* **Task details**
The whole listing below, with no pictures, is to be repeated as it stands.

* **Data block**
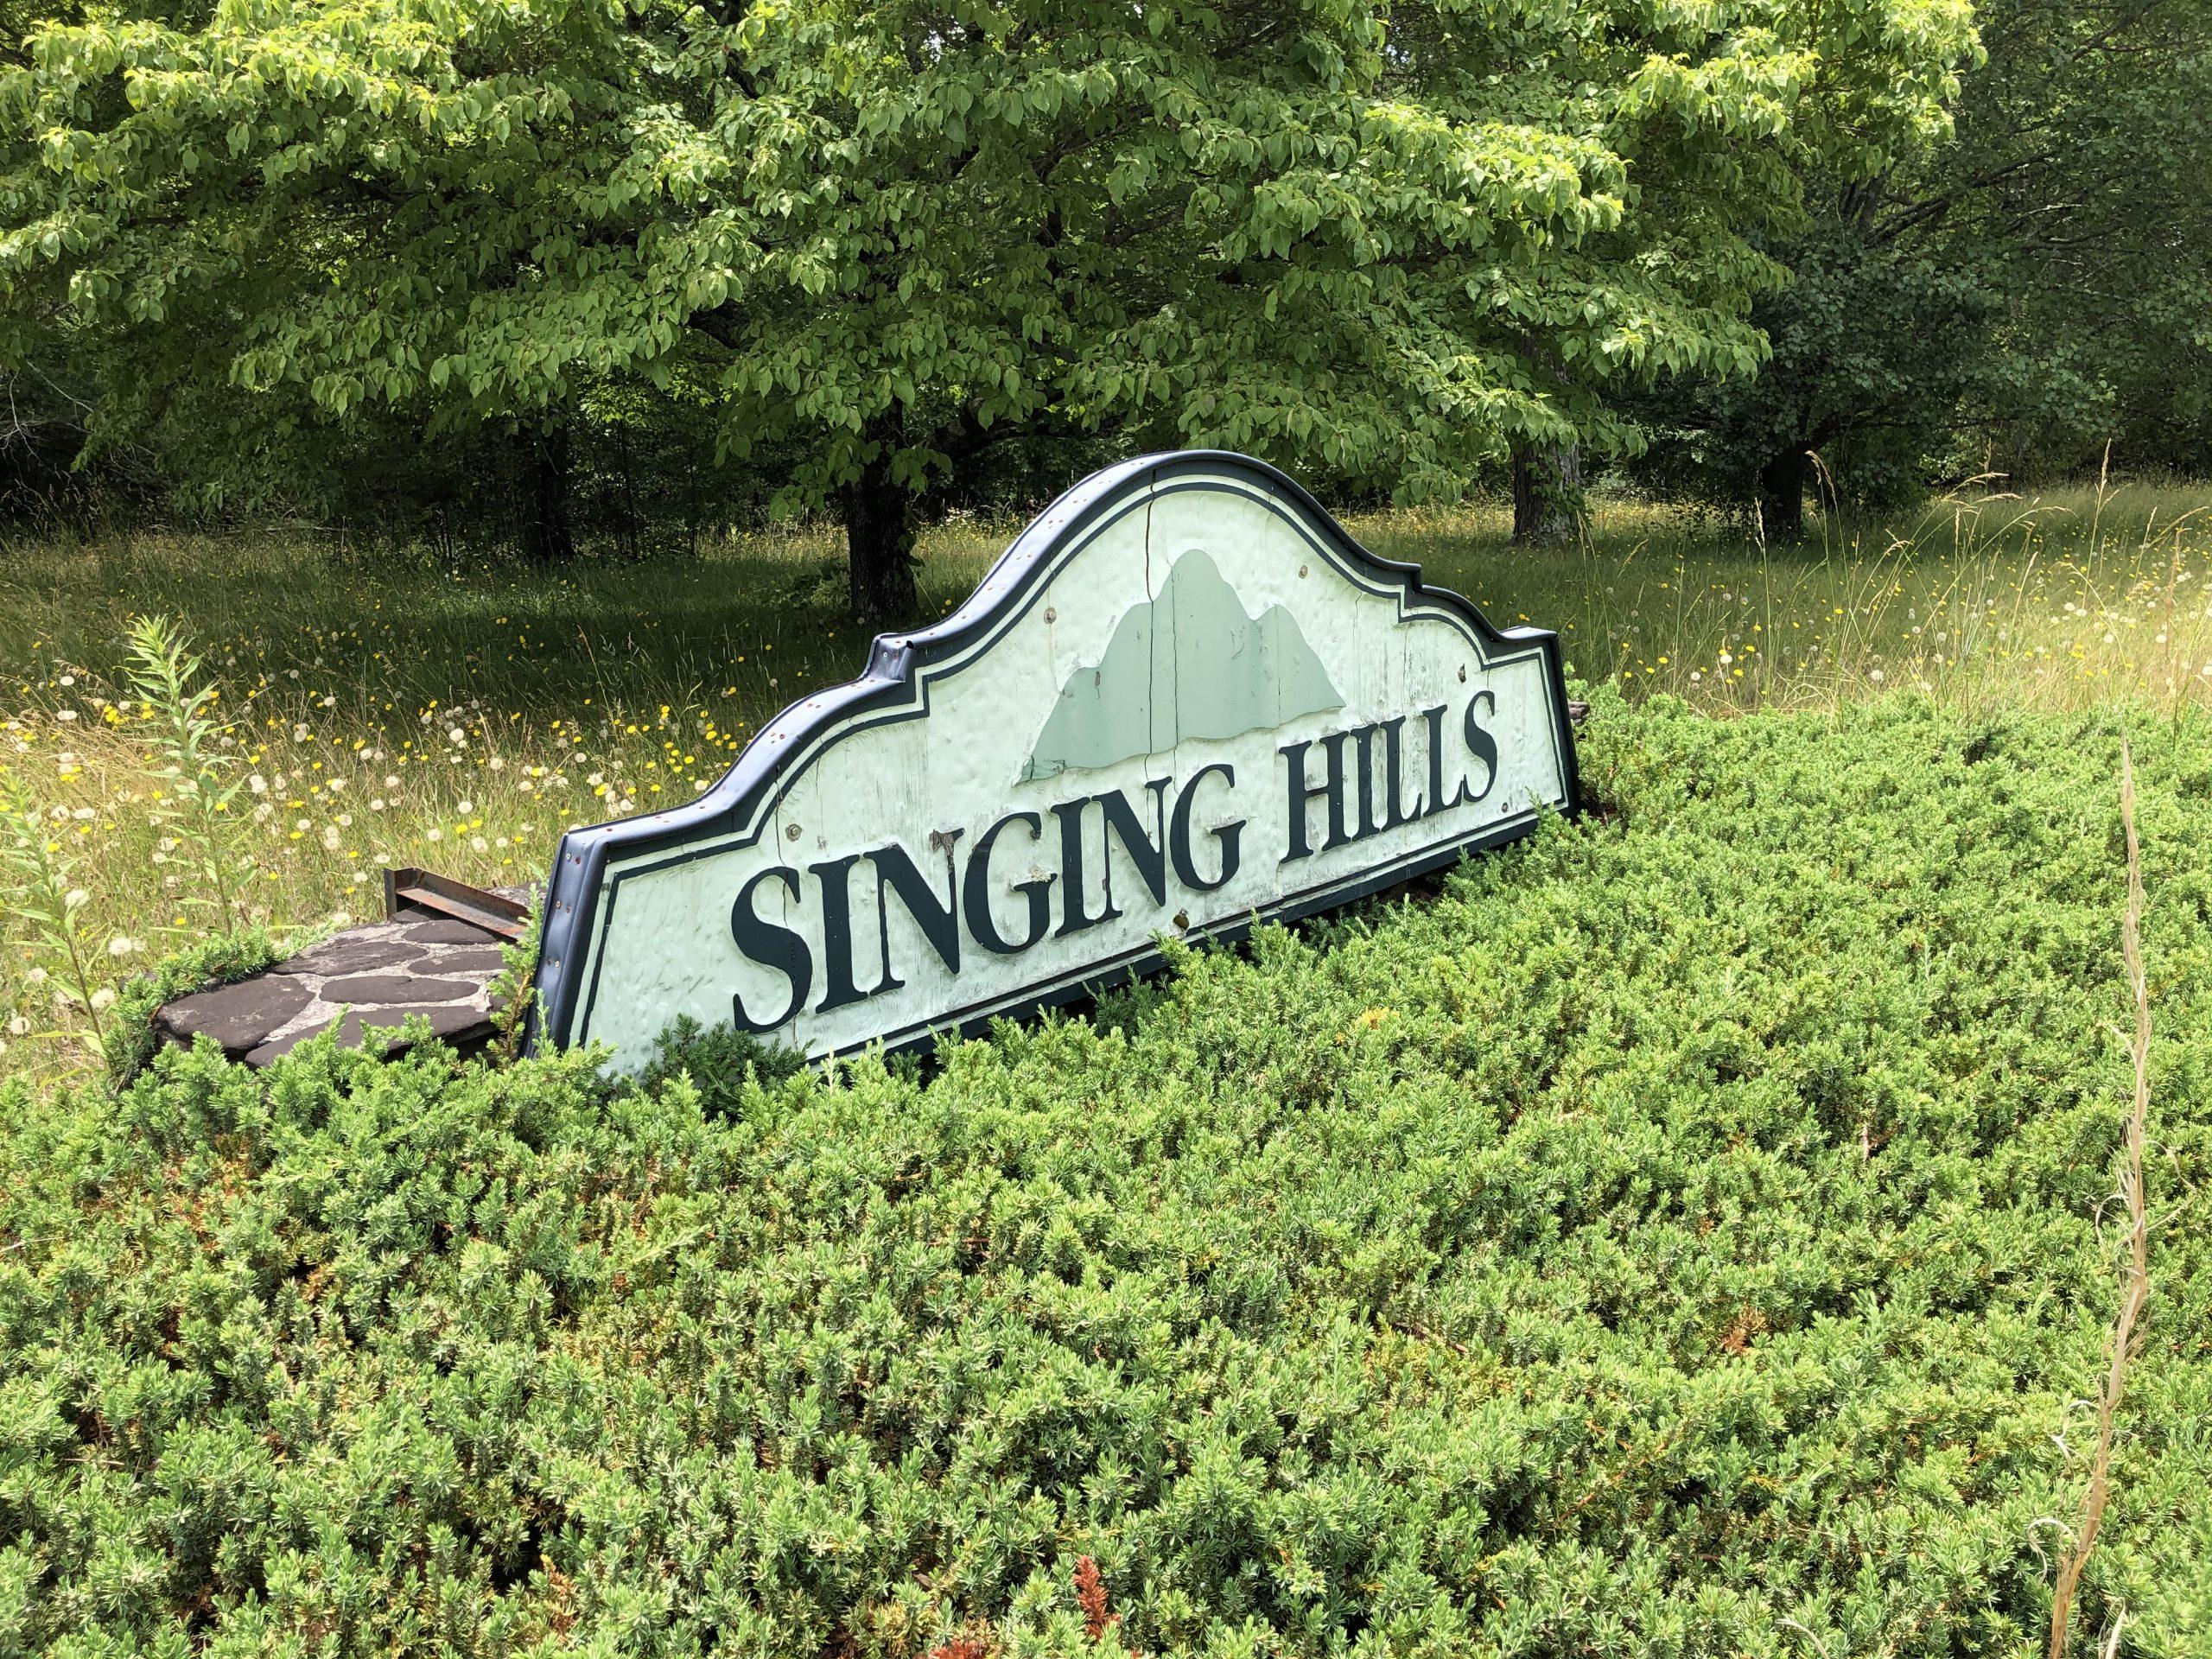 Singing Hills
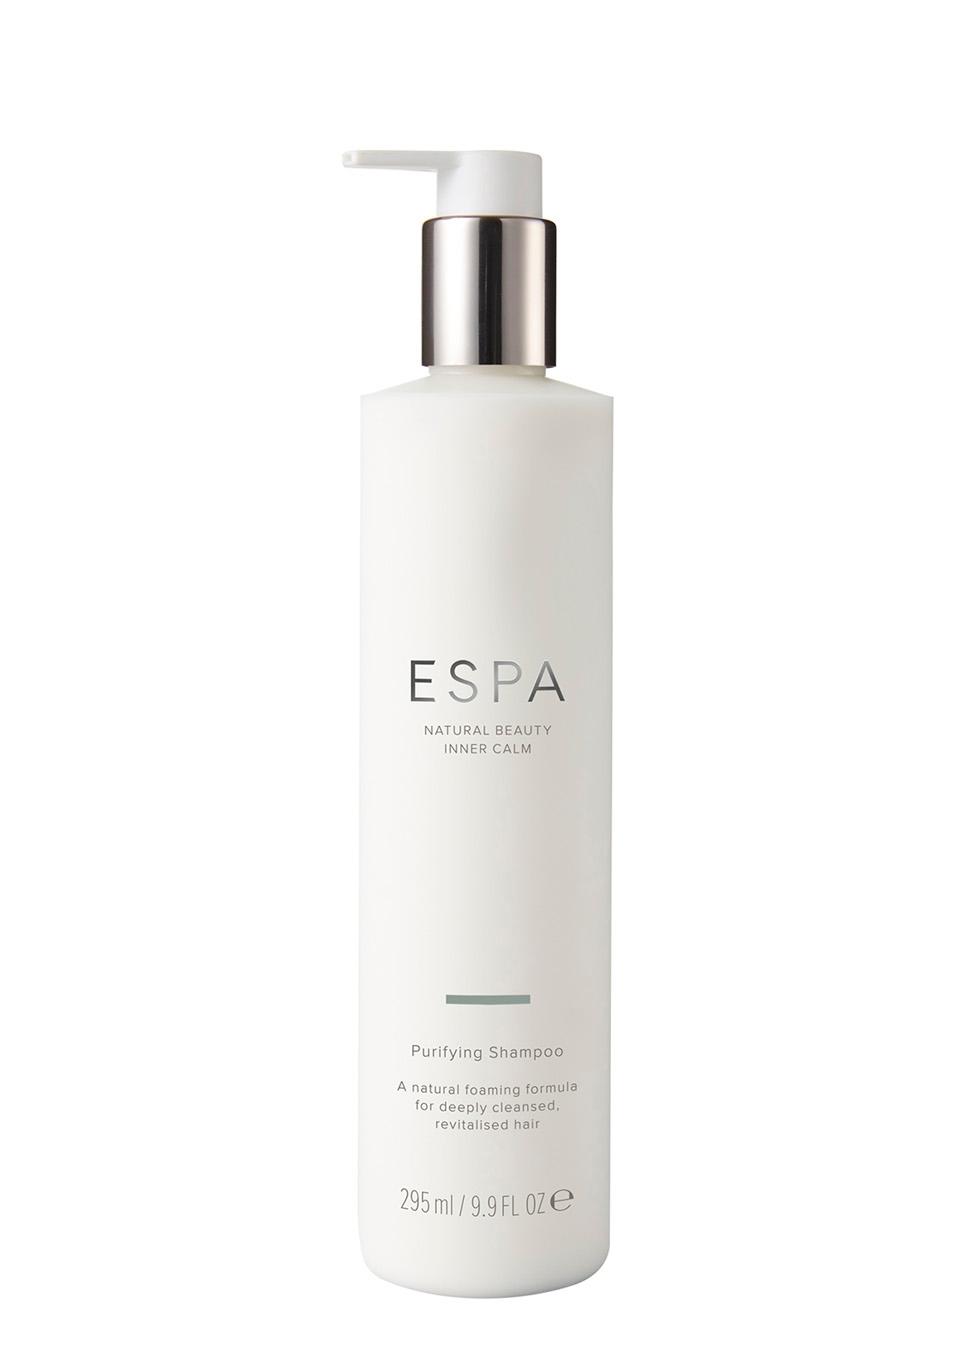 Purifying Shampoo 295ml
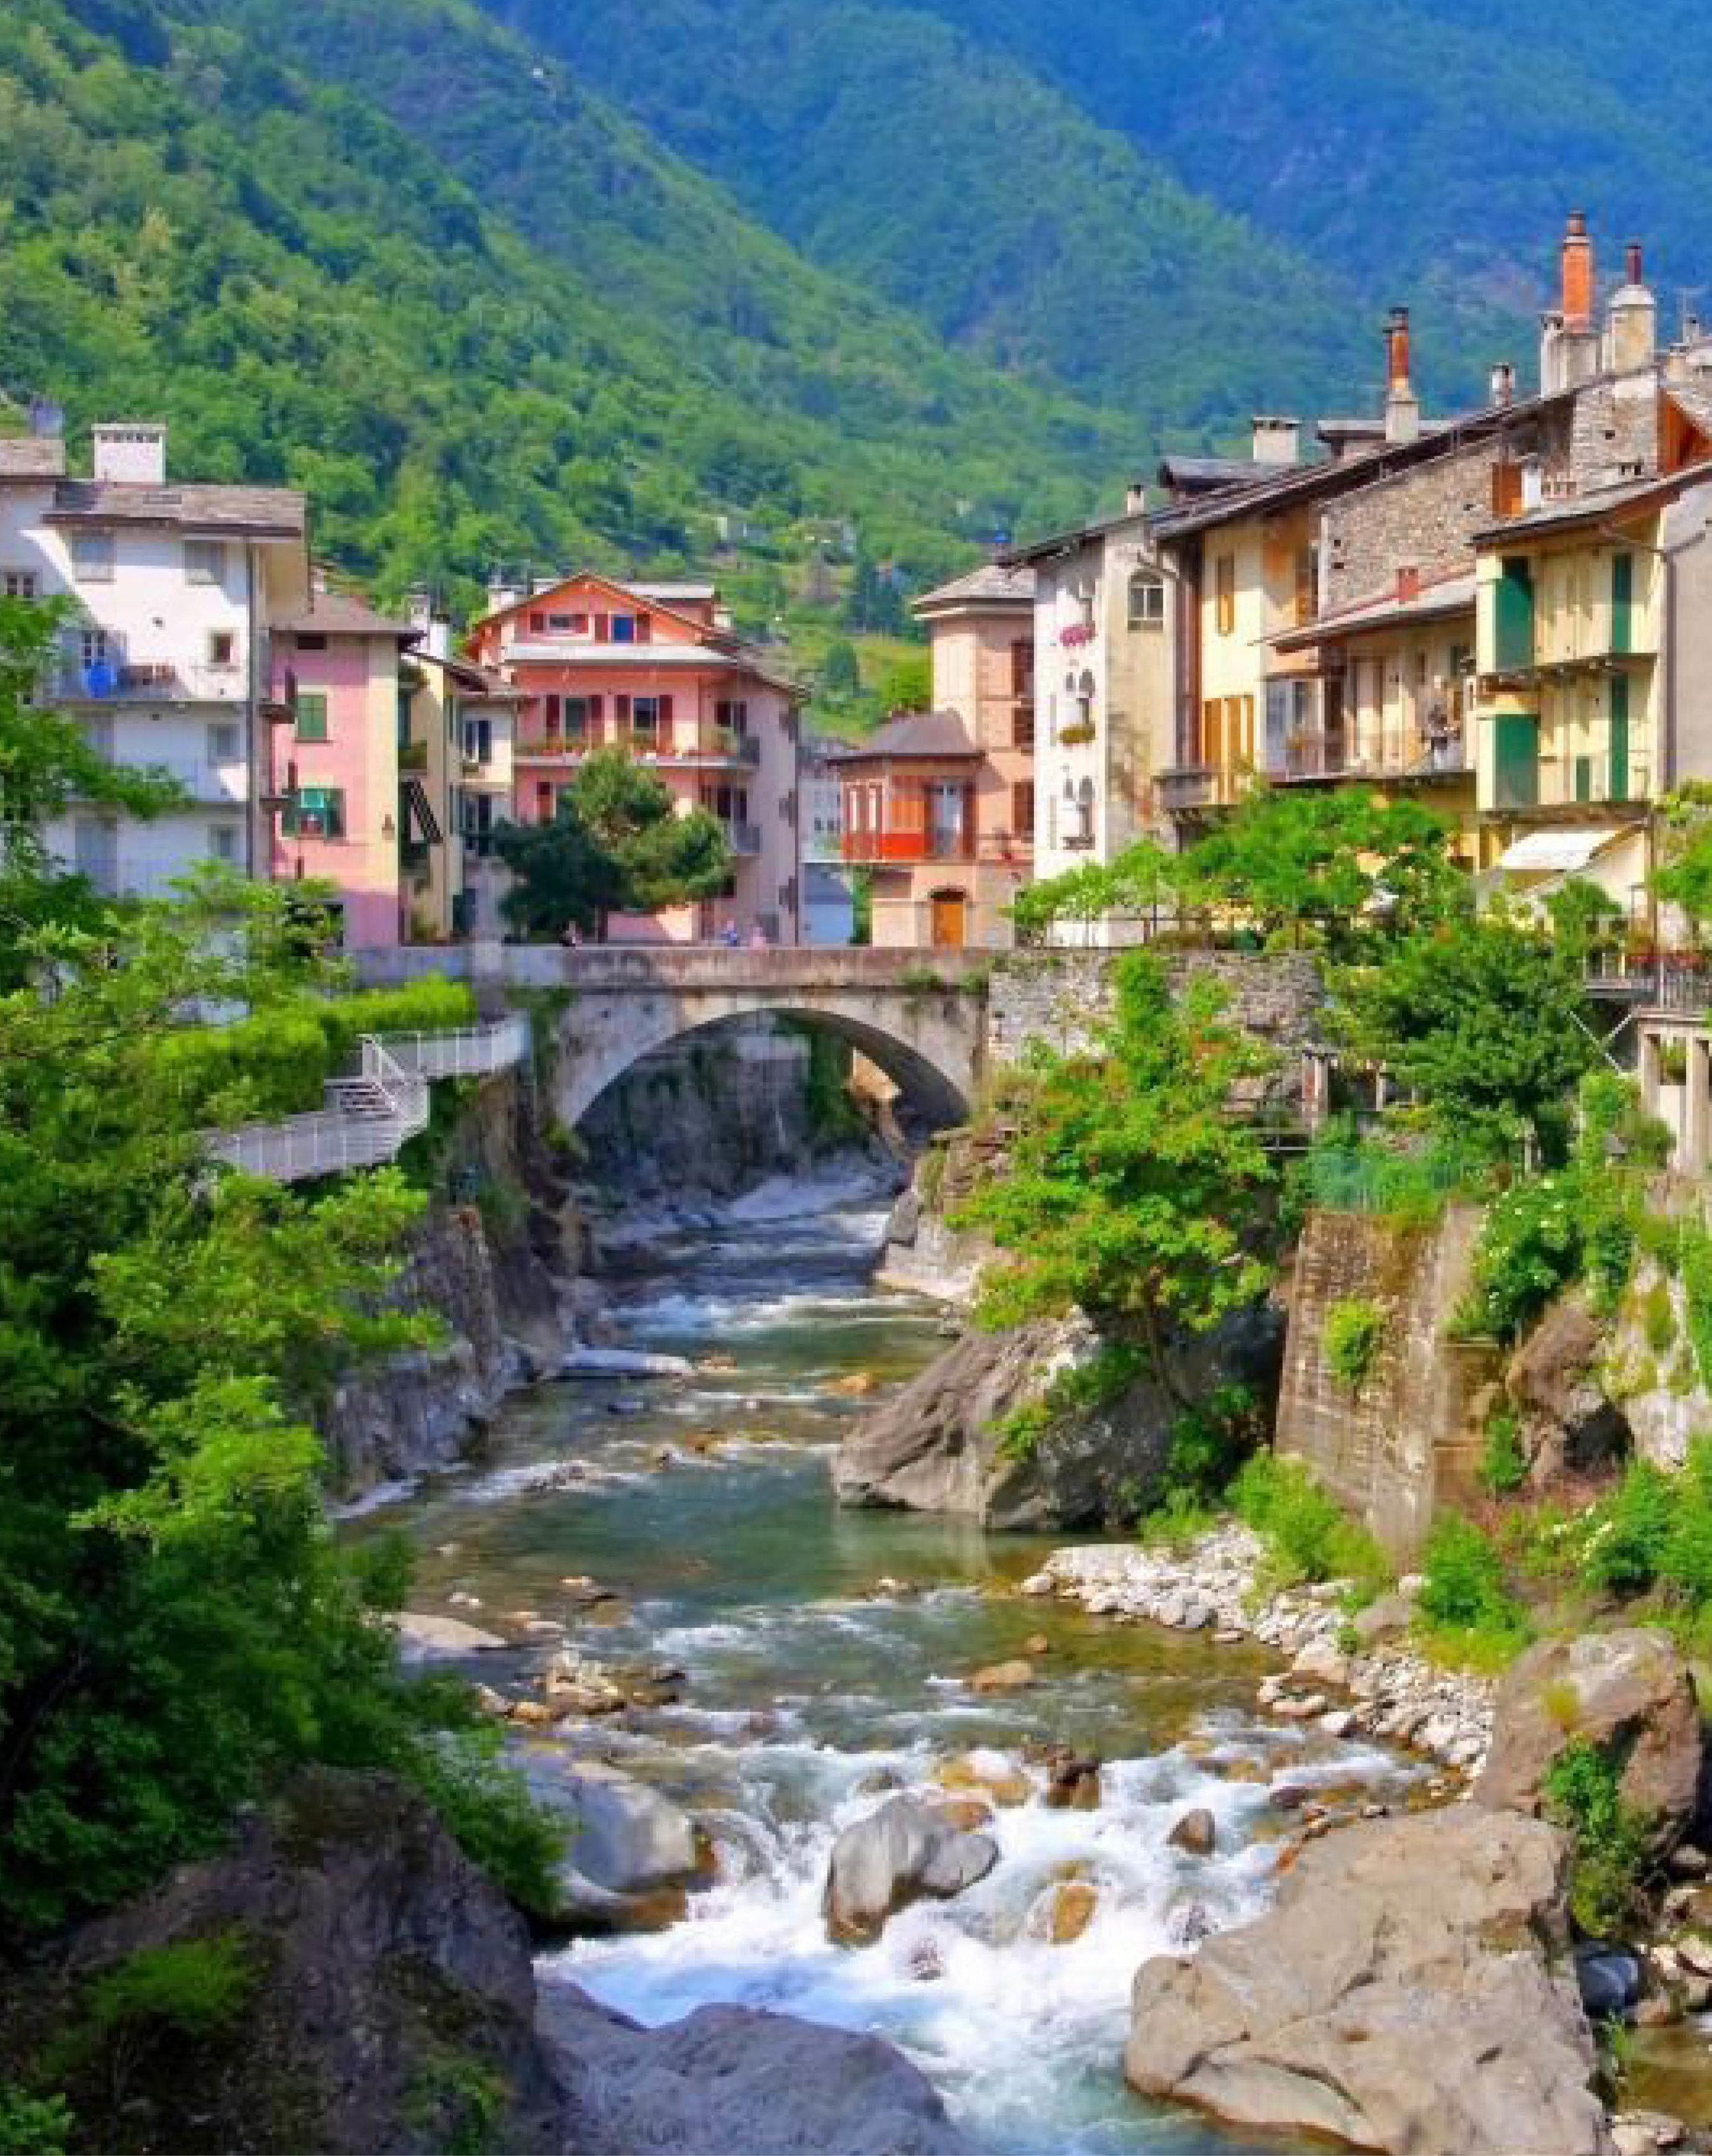 OSTERIA_EDM_Lombardia Region1.jpg

* **Answer**
 Singing Hills
 Purifying Shampoo 295ml
 OSTERIA_EDM_Lombardia Region1.jpg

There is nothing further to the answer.